Самая форма стиха у Тютчева, при первом взгляде, кажется небрежной. Но это впечатление ошибочное. За исключением немногих (преимущественно написанных на политические злобы дня), большинство стихотворений Тютчева облечено в очень изысканные метры. Напомним, например, стихи «Грустный вид и грустный час». При беглом чтении не замечаешь в их построении ничего особенного. Лишь потом открываешь тайну прелести их формы. В них средние два стиха первой строфы (3-й и 4-й) рифмуются со средними стихами второй строфы (9-м и 10-м). Притом, чтобы ухо уловило это созвучие, разделенное четырьмя стихами, Тютчев выбрал рифмы особенно полные, в которых согласованы не только буквы после ударяемой гласной, но и предыдущая согласная (которую французы называют consonne d'appui [ Опорная согласная – франц. ]): «гробовой – живой», «тумана – Лемана». Примерами не менее утонченного построения могут служить стихотворения: «Поэзия», «Вдали от солнца и природы», «Слезы людские, о слезы людские», «Двум сестрам», «Венеция», «Первый лист», «Кончен пир, умолкли хоры».
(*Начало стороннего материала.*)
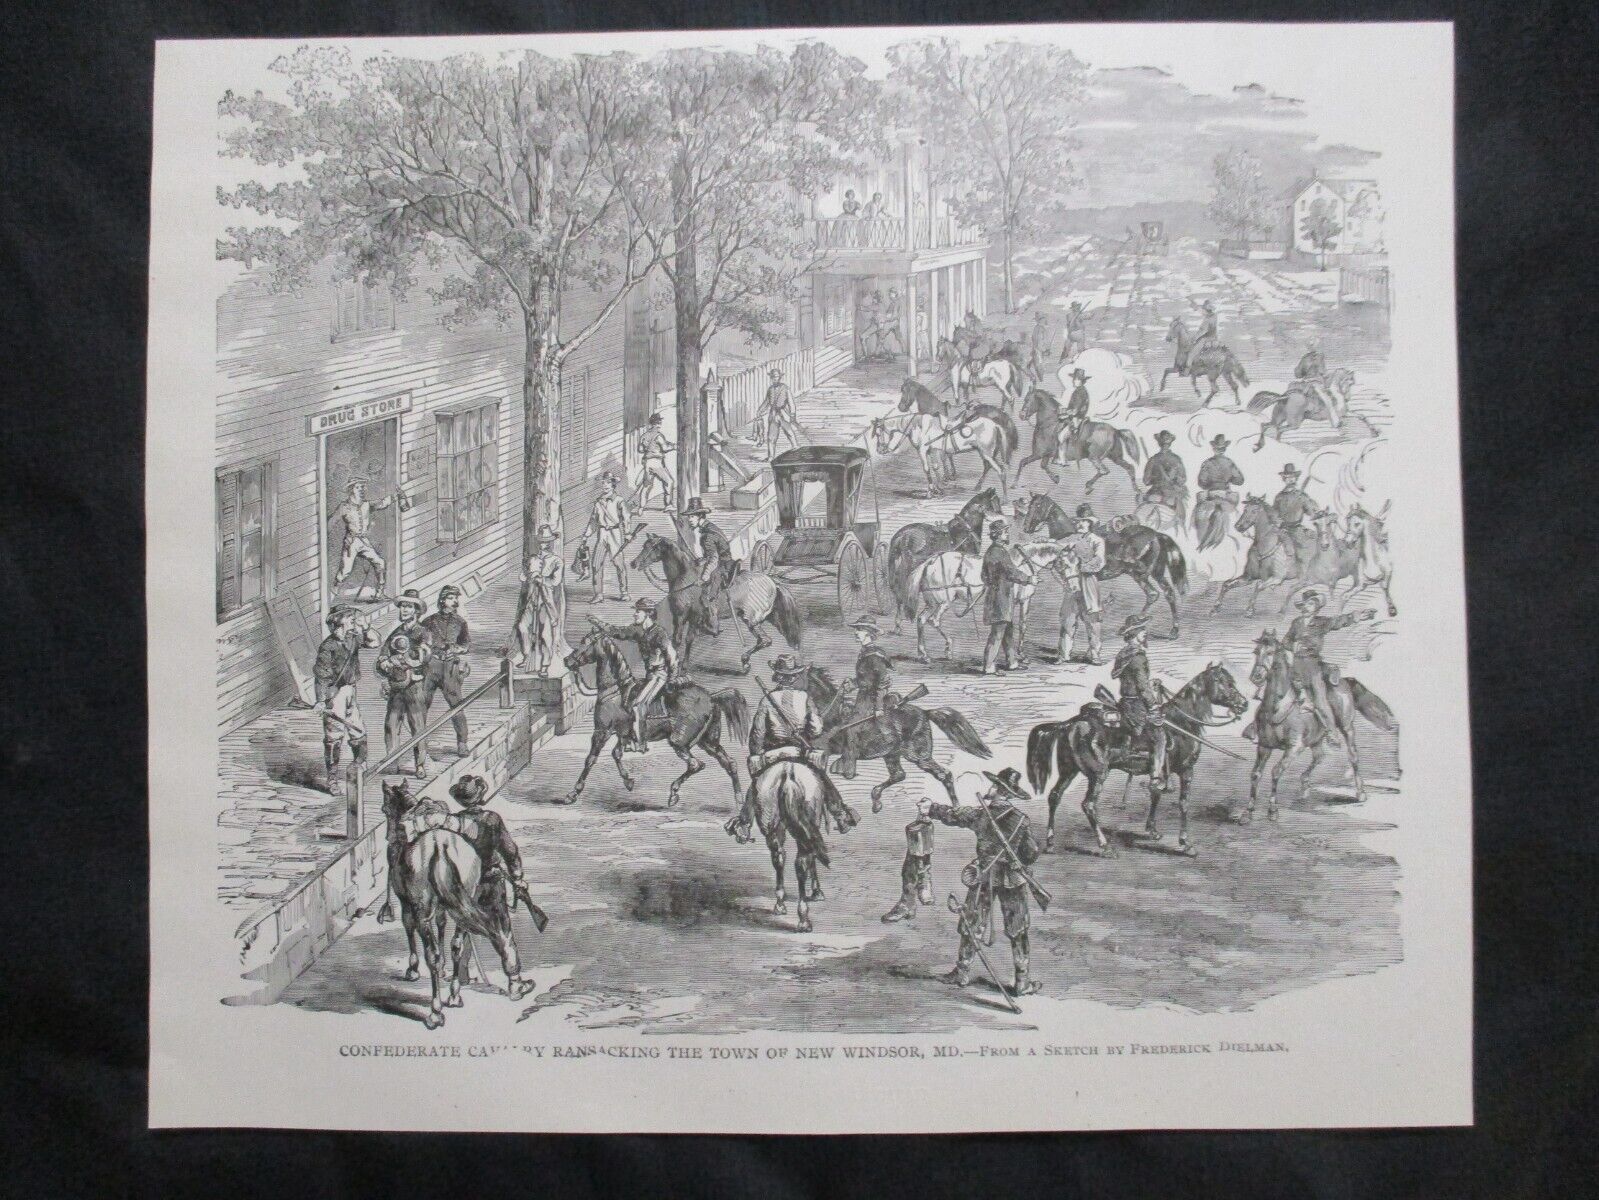 1884 Civil War Print - Confederate Cavalry Ransacking New Windsor, Maryland

Не меньше изысканности у Тютчева и в самом строении стиха. Он с величайшей заботливостью применял в своей поэзии все те вторичные средства изобразительности, которые были хорошо знакомы поэтам античным, но которыми пренебрегают многие из выдающихся современных поэтов. Так, он охотно употреблял внутренние рифмы и ассонансы, например: «В какой-то неге онеменья », «И ветры свис тели и пели валы», «Кто скрылся, зарылся в цветах?», «И без вою и без бою », «Под вами немые, глухие гроба», « Неодолим, неудержим », « Неистощимые, неисчислимые » и т. п. Понимал Тютчев и то значение, какое имеют в стихах аллитерации. Вот несколько более ярких примеров: «Как пл яшут п ы л инки в п о л дневных л учах», « В етрило в есело з в учало», «Объятый н егой н очи», « С ладкий с умрак полу с онья», « Т ихий, т омный, благовонный», « З емля з еленела»… Эта заботливость приводила Тютчева иногда к настоящим звукоподражаниям, как, например, в стихах: « К ругом, к а к к им валы, зв уч али скалы », «Хл ещ ет, св ищ ет и ревет», «Блеск и движение, гр охот и гр ом…»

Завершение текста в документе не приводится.